__INSTRUCTIONS TO FOLLOW__
Output the full listing verbatim.

DATASET ENTRIES below:

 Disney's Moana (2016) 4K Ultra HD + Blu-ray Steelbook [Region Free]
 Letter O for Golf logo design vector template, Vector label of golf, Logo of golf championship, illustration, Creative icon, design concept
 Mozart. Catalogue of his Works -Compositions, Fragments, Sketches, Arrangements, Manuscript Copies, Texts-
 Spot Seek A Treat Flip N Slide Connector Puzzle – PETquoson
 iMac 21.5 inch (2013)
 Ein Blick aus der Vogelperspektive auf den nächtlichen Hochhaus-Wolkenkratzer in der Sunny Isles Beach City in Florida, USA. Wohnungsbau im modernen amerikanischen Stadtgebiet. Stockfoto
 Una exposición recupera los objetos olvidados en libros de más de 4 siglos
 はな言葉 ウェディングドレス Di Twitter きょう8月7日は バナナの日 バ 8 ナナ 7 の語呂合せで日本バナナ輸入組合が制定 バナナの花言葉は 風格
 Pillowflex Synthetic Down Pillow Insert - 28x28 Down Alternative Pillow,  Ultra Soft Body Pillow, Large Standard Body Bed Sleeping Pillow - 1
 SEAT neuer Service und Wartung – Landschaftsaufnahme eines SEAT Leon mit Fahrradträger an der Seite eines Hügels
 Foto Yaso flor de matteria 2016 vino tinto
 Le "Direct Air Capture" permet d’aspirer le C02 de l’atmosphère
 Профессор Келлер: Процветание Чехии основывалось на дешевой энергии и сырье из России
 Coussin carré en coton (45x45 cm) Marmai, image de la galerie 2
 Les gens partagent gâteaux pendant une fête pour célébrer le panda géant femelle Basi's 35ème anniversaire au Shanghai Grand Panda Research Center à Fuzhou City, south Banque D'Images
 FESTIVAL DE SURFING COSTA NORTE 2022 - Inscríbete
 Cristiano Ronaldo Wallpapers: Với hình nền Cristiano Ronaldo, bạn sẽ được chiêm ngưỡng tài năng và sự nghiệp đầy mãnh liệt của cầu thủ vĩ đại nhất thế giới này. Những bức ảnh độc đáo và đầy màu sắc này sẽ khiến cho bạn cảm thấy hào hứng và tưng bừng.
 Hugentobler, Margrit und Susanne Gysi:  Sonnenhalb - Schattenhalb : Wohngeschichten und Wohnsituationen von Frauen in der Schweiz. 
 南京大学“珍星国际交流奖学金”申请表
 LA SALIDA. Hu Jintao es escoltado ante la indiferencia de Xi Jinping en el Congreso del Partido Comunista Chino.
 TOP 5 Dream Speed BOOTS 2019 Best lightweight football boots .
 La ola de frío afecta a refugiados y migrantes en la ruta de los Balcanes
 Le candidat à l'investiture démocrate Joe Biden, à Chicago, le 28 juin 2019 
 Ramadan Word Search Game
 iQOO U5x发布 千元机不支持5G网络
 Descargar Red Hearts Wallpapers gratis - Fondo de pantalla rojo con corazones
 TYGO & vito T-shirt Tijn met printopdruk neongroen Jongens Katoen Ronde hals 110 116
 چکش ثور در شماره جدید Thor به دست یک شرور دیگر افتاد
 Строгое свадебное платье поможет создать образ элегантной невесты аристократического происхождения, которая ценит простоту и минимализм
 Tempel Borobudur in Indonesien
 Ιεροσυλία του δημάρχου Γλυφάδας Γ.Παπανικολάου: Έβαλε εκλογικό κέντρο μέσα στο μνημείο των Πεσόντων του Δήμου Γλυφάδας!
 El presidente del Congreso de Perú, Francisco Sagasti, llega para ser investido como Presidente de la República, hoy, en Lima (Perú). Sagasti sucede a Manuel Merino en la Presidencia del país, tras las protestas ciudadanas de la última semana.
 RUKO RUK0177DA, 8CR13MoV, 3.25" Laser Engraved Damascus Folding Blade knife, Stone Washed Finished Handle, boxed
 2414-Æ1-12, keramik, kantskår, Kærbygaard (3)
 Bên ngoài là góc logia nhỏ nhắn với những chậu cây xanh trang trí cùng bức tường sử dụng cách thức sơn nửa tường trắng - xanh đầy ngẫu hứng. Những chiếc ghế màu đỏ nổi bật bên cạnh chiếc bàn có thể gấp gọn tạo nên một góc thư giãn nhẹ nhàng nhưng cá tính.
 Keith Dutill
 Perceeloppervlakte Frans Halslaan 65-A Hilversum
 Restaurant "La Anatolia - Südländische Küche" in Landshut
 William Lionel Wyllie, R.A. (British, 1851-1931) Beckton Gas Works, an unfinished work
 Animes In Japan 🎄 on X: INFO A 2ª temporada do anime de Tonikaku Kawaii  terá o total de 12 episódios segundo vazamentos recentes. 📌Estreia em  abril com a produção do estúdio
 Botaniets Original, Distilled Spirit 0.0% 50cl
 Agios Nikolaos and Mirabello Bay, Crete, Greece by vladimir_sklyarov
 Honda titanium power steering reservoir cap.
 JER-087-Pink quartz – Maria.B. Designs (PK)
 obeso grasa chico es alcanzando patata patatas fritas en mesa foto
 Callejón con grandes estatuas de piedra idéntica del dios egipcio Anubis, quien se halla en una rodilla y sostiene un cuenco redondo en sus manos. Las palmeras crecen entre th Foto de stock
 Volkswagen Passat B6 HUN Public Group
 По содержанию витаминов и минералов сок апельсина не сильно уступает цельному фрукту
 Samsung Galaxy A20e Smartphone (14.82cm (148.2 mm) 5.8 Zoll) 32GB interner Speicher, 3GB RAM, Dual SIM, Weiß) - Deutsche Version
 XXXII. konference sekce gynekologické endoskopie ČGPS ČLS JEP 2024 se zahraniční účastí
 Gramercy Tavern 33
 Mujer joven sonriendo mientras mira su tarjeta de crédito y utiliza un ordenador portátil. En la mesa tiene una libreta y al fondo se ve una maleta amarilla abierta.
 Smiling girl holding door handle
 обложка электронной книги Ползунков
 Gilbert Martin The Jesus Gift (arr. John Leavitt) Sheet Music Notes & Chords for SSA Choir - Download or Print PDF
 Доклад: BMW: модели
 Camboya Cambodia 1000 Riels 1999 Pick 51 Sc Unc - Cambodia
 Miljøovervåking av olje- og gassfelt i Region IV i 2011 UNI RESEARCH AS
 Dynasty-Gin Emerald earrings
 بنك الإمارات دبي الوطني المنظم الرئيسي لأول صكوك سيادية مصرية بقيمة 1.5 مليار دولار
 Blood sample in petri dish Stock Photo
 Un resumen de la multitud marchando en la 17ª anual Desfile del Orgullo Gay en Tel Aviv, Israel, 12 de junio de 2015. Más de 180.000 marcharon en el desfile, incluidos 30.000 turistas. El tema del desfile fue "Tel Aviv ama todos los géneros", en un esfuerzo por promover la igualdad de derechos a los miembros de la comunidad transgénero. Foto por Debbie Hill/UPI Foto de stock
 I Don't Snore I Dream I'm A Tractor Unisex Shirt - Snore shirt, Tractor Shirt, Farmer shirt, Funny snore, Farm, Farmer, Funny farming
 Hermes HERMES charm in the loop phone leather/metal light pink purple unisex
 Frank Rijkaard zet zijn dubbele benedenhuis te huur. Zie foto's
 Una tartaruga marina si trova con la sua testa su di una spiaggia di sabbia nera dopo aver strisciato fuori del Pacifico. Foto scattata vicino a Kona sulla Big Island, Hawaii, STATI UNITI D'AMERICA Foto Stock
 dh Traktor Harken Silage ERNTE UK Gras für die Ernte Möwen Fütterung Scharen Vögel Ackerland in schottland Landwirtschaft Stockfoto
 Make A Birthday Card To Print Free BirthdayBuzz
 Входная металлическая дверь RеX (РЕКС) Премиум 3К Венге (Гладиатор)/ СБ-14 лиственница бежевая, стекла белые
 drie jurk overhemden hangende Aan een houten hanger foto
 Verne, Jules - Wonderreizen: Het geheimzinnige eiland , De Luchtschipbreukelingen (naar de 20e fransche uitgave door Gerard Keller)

End of DATASET ENTRIES.

__EXPECTED ANSWER__
 Disney's Moana (2016) 4K Ultra HD + Blu-ray Steelbook [Region Free]
 Letter O for Golf logo design vector template, Vector label of golf, Logo of golf championship, illustration, Creative icon, design concept
 Mozart. Catalogue of his Works -Compositions, Fragments, Sketches, Arrangements, Manuscript Copies, Texts-
 Spot Seek A Treat Flip N Slide Connector Puzzle – PETquoson
 iMac 21.5 inch (2013)
 Ein Blick aus der Vogelperspektive auf den nächtlichen Hochhaus-Wolkenkratzer in der Sunny Isles Beach City in Florida, USA. Wohnungsbau im modernen amerikanischen Stadtgebiet. Stockfoto
 Una exposición recupera los objetos olvidados en libros de más de 4 siglos
 はな言葉 ウェディングドレス Di Twitter きょう8月7日は バナナの日 バ 8 ナナ 7 の語呂合せで日本バナナ輸入組合が制定 バナナの花言葉は 風格
 Pillowflex Synthetic Down Pillow Insert - 28x28 Down Alternative Pillow,  Ultra Soft Body Pillow, Large Standard Body Bed Sleeping Pillow - 1
 SEAT neuer Service und Wartung – Landschaftsaufnahme eines SEAT Leon mit Fahrradträger an der Seite eines Hügels
 Foto Yaso flor de matteria 2016 vino tinto
 Le "Direct Air Capture" permet d’aspirer le C02 de l’atmosphère
 Профессор Келлер: Процветание Чехии основывалось на дешевой энергии и сырье из России
 Coussin carré en coton (45x45 cm) Marmai, image de la galerie 2
 Les gens partagent gâteaux pendant une fête pour célébrer le panda géant femelle Basi's 35ème anniversaire au Shanghai Grand Panda Research Center à Fuzhou City, south Banque D'Images
 FESTIVAL DE SURFING COSTA NORTE 2022 - Inscríbete
 Cristiano Ronaldo Wallpapers: Với hình nền Cristiano Ronaldo, bạn sẽ được chiêm ngưỡng tài năng và sự nghiệp đầy mãnh liệt của cầu thủ vĩ đại nhất thế giới này. Những bức ảnh độc đáo và đầy màu sắc này sẽ khiến cho bạn cảm thấy hào hứng và tưng bừng.
 Hugentobler, Margrit und Susanne Gysi:  Sonnenhalb - Schattenhalb : Wohngeschichten und Wohnsituationen von Frauen in der Schweiz. 
 南京大学“珍星国际交流奖学金”申请表
 LA SALIDA. Hu Jintao es escoltado ante la indiferencia de Xi Jinping en el Congreso del Partido Comunista Chino.
 TOP 5 Dream Speed BOOTS 2019 Best lightweight football boots .
 La ola de frío afecta a refugiados y migrantes en la ruta de los Balcanes
 Le candidat à l'investiture démocrate Joe Biden, à Chicago, le 28 juin 2019 
 Ramadan Word Search Game
 iQOO U5x发布 千元机不支持5G网络
 Descargar Red Hearts Wallpapers gratis - Fondo de pantalla rojo con corazones
 TYGO & vito T-shirt Tijn met printopdruk neongroen Jongens Katoen Ronde hals 110 116
 چکش ثور در شماره جدید Thor به دست یک شرور دیگر افتاد
 Строгое свадебное платье поможет создать образ элегантной невесты аристократического происхождения, которая ценит простоту и минимализм
 Tempel Borobudur in Indonesien
 Ιεροσυλία του δημάρχου Γλυφάδας Γ.Παπανικολάου: Έβαλε εκλογικό κέντρο μέσα στο μνημείο των Πεσόντων του Δήμου Γλυφάδας!
 El presidente del Congreso de Perú, Francisco Sagasti, llega para ser investido como Presidente de la República, hoy, en Lima (Perú). Sagasti sucede a Manuel Merino en la Presidencia del país, tras las protestas ciudadanas de la última semana.
 RUKO RUK0177DA, 8CR13MoV, 3.25" Laser Engraved Damascus Folding Blade knife, Stone Washed Finished Handle, boxed
 2414-Æ1-12, keramik, kantskår, Kærbygaard (3)
 Bên ngoài là góc logia nhỏ nhắn với những chậu cây xanh trang trí cùng bức tường sử dụng cách thức sơn nửa tường trắng - xanh đầy ngẫu hứng. Những chiếc ghế màu đỏ nổi bật bên cạnh chiếc bàn có thể gấp gọn tạo nên một góc thư giãn nhẹ nhàng nhưng cá tính.
 Keith Dutill
 Perceeloppervlakte Frans Halslaan 65-A Hilversum
 Restaurant "La Anatolia - Südländische Küche" in Landshut
 William Lionel Wyllie, R.A. (British, 1851-1931) Beckton Gas Works, an unfinished work
 Animes In Japan 🎄 on X: INFO A 2ª temporada do anime de Tonikaku Kawaii  terá o total de 12 episódios segundo vazamentos recentes. 📌Estreia em  abril com a produção do estúdio
 Botaniets Original, Distilled Spirit 0.0% 50cl
 Agios Nikolaos and Mirabello Bay, Crete, Greece by vladimir_sklyarov
 Honda titanium power steering reservoir cap.
 JER-087-Pink quartz – Maria.B. Designs (PK)
 obeso grasa chico es alcanzando patata patatas fritas en mesa foto
 Callejón con grandes estatuas de piedra idéntica del dios egipcio Anubis, quien se halla en una rodilla y sostiene un cuenco redondo en sus manos. Las palmeras crecen entre th Foto de stock
 Volkswagen Passat B6 HUN Public Group
 По содержанию витаминов и минералов сок апельсина не сильно уступает цельному фрукту
 Samsung Galaxy A20e Smartphone (14.82cm (148.2 mm) 5.8 Zoll) 32GB interner Speicher, 3GB RAM, Dual SIM, Weiß) - Deutsche Version
 XXXII. konference sekce gynekologické endoskopie ČGPS ČLS JEP 2024 se zahraniční účastí
 Gramercy Tavern 33
 Mujer joven sonriendo mientras mira su tarjeta de crédito y utiliza un ordenador portátil. En la mesa tiene una libreta y al fondo se ve una maleta amarilla abierta.
 Smiling girl holding door handle
 обложка электронной книги Ползунков
 Gilbert Martin The Jesus Gift (arr. John Leavitt) Sheet Music Notes & Chords for SSA Choir - Download or Print PDF
 Доклад: BMW: модели
 Camboya Cambodia 1000 Riels 1999 Pick 51 Sc Unc - Cambodia
 Miljøovervåking av olje- og gassfelt i Region IV i 2011 UNI RESEARCH AS
 Dynasty-Gin Emerald earrings
 بنك الإمارات دبي الوطني المنظم الرئيسي لأول صكوك سيادية مصرية بقيمة 1.5 مليار دولار
 Blood sample in petri dish Stock Photo
 Un resumen de la multitud marchando en la 17ª anual Desfile del Orgullo Gay en Tel Aviv, Israel, 12 de junio de 2015. Más de 180.000 marcharon en el desfile, incluidos 30.000 turistas. El tema del desfile fue "Tel Aviv ama todos los géneros", en un esfuerzo por promover la igualdad de derechos a los miembros de la comunidad transgénero. Foto por Debbie Hill/UPI Foto de stock
 I Don't Snore I Dream I'm A Tractor Unisex Shirt - Snore shirt, Tractor Shirt, Farmer shirt, Funny snore, Farm, Farmer, Funny farming
 Hermes HERMES charm in the loop phone leather/metal light pink purple unisex
 Frank Rijkaard zet zijn dubbele benedenhuis te huur. Zie foto's
 Una tartaruga marina si trova con la sua testa su di una spiaggia di sabbia nera dopo aver strisciato fuori del Pacifico. Foto scattata vicino a Kona sulla Big Island, Hawaii, STATI UNITI D'AMERICA Foto Stock
 dh Traktor Harken Silage ERNTE UK Gras für die Ernte Möwen Fütterung Scharen Vögel Ackerland in schottland Landwirtschaft Stockfoto
 Make A Birthday Card To Print Free BirthdayBuzz
 Входная металлическая дверь RеX (РЕКС) Премиум 3К Венге (Гладиатор)/ СБ-14 лиственница бежевая, стекла белые
 drie jurk overhemden hangende Aan een houten hanger foto
 Verne, Jules - Wonderreizen: Het geheimzinnige eiland , De Luchtschipbreukelingen (naar de 20e fransche uitgave door Gerard Keller)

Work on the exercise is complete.